The families of the dead and the surviving wounded also stated their
feelings. "We have learned through a tragic event that loyalty
to our nation and its principles sometimes requires resistance to our
government and its policies a lesson many young people, including the
children of some of us, had learned earlier. That has been our struggle
– for others this struggle goes on. We will try to support them."
To
this day, we don’t know to what extent the Nixon White House and other
agencies may have been involved. We do know that, according to a government
memo dated October 9, 1973, "undercover federal narcotics agents
were present on the Kent State University campus on May 4, 1970."
Also, it since been widely alleged that still other agents had been
or were still on campus. Then, too, the government’s infamous COINTELPRO
program, aimed at crushing antiwar dissent, was in full bloom on May
4th. Was Kent State on its agenda? And did Nixon and J. Edgar Hoover,
neither of whom had any affection for antiwar dissenters, really want
a fair investigation?
Immediately
after the murders, rumors abounded that Jeffrey Miller was found with
a gun (untrue), that a student sniper was in the area (also untrue)
and that students burned the ROTC building (never proven). Nor do we
know why the National Guard – that era’s safe harbor for men trying
to avoid Vietnam were called in and why they opened fire on unarmed
college men and women.
Still,
many began to ask questions and express doubts. Charles A. Thomas, for
one, worked in the National Archives for twelve years and between May
1-4, 1975 was assigned to its Motion Pictures Unit to study and describe
films of the shootings. He came to believe that, "none of the available
footage showing dead and wounded students following the lethal volley
had been used in assembling the compilation film shown at the public
hearings" of the Scranton presidential commission in August 1970.

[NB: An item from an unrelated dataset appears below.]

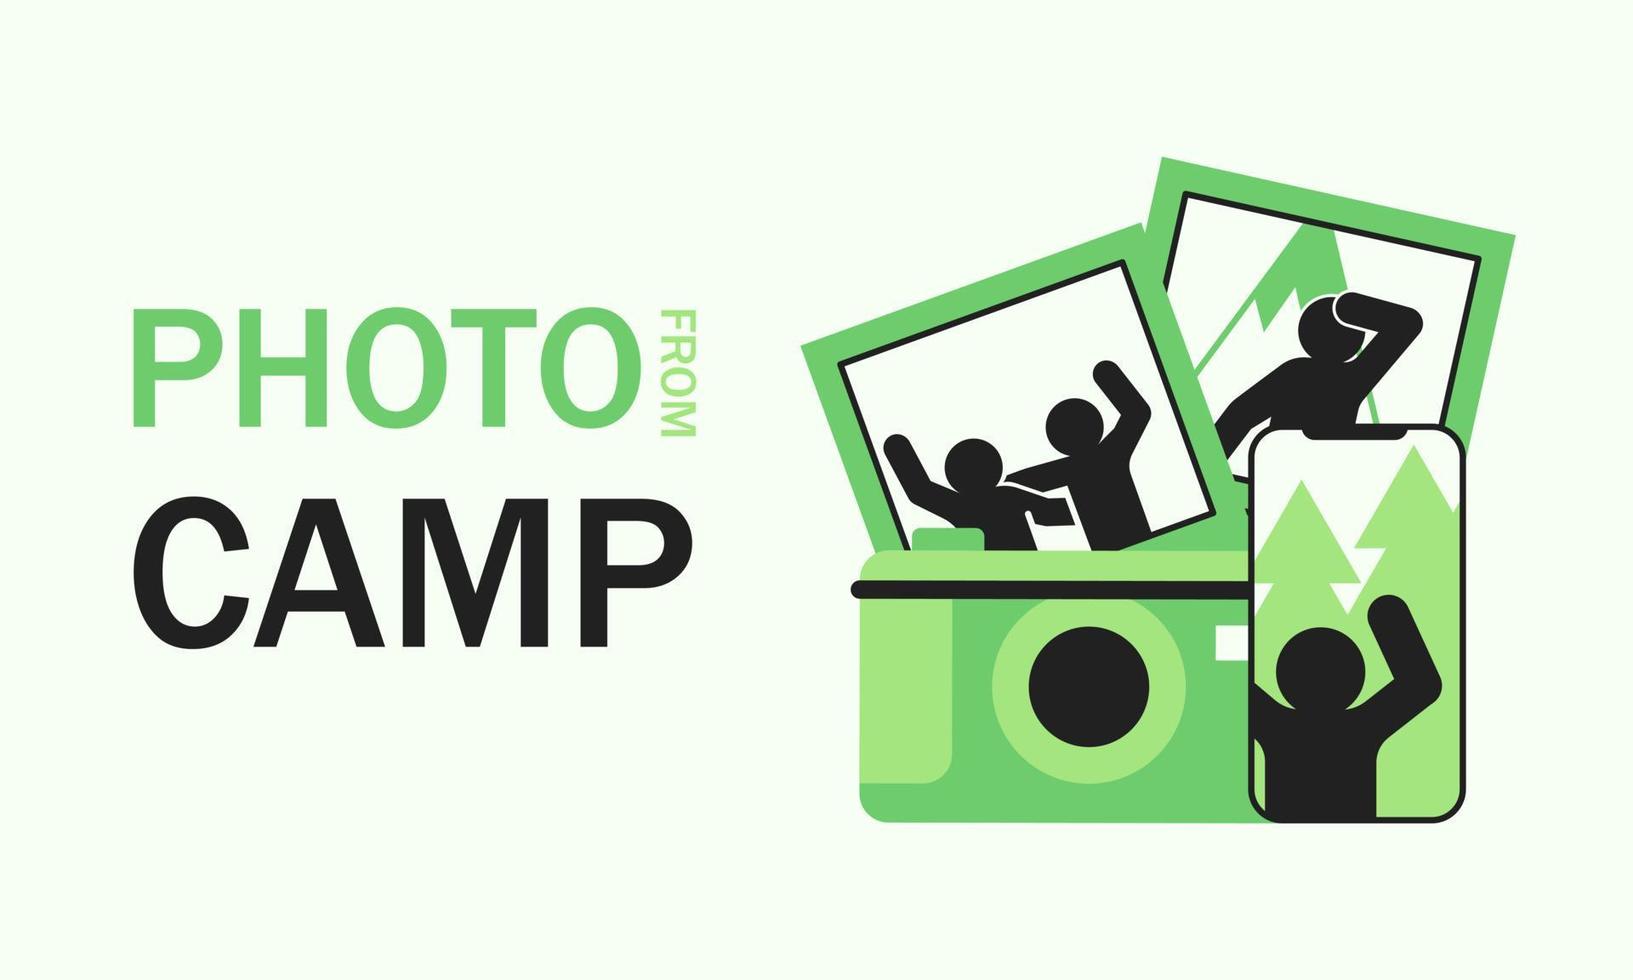 Photo from camp text with snapshots, photo on smartphone and camera. Concept photo on camera and cellphone camping, travel and outdoor banner vector

" It looked very much," he concluded in Kent
State/May 4 (Kent State University Press), edited by Scott L.
Bills, "as if someone had doctored the evidence to minimize any
impression of the Guard’s brutality and to plant the spurious notion
that the soldiers had been confronted with a raging student mob."
After
the Guard opened fire, Glenn Frank, a conservative Kent State geology
professor, tried to convince its officers to stand down and then made
an impassioned and successful plea to students, begging them to leave,
lest they too be slaughtered. In the years following, Frank (now deceased)
sought to understand what had happened. His son, Alan (a former Kent
State student who by his own estimate was some fifty to seventy-five
feet from the Guard when they opened fire and thought they were shooting
blanks) is now at work on his father’s papers. His father, he says,
had become increasingly dubious that justice had been served.
Perhaps
the closest we have come to a evenhanded though still extremely tentative
verdict was that of the Presidential
Commission on Campus Unrest (the Scranton Commission, 1970) which,
while liberally casting responsibility for the heated atmosphere leading
up to May 4th, came down sharply on those who carried the weapons: "The
indiscriminate firing of rifles into a crowd of students and the deaths
that followed were unnecessary, unwarranted and inexcusable."
Failing
the discovery of a "smoking gun," a deathbed confession, or
the release of all
local,
state and federal documents, we may never know exactly what happened
and why. All the more reason, then, to convene an independent Truth
Commission with subpoena power to scrutinize archives opened and those
still closed and re-interview everyone still alive to try to answer
whether a government at war in Asia extended its war to a college campus.
Isn’t
it time that the nation learned the truth?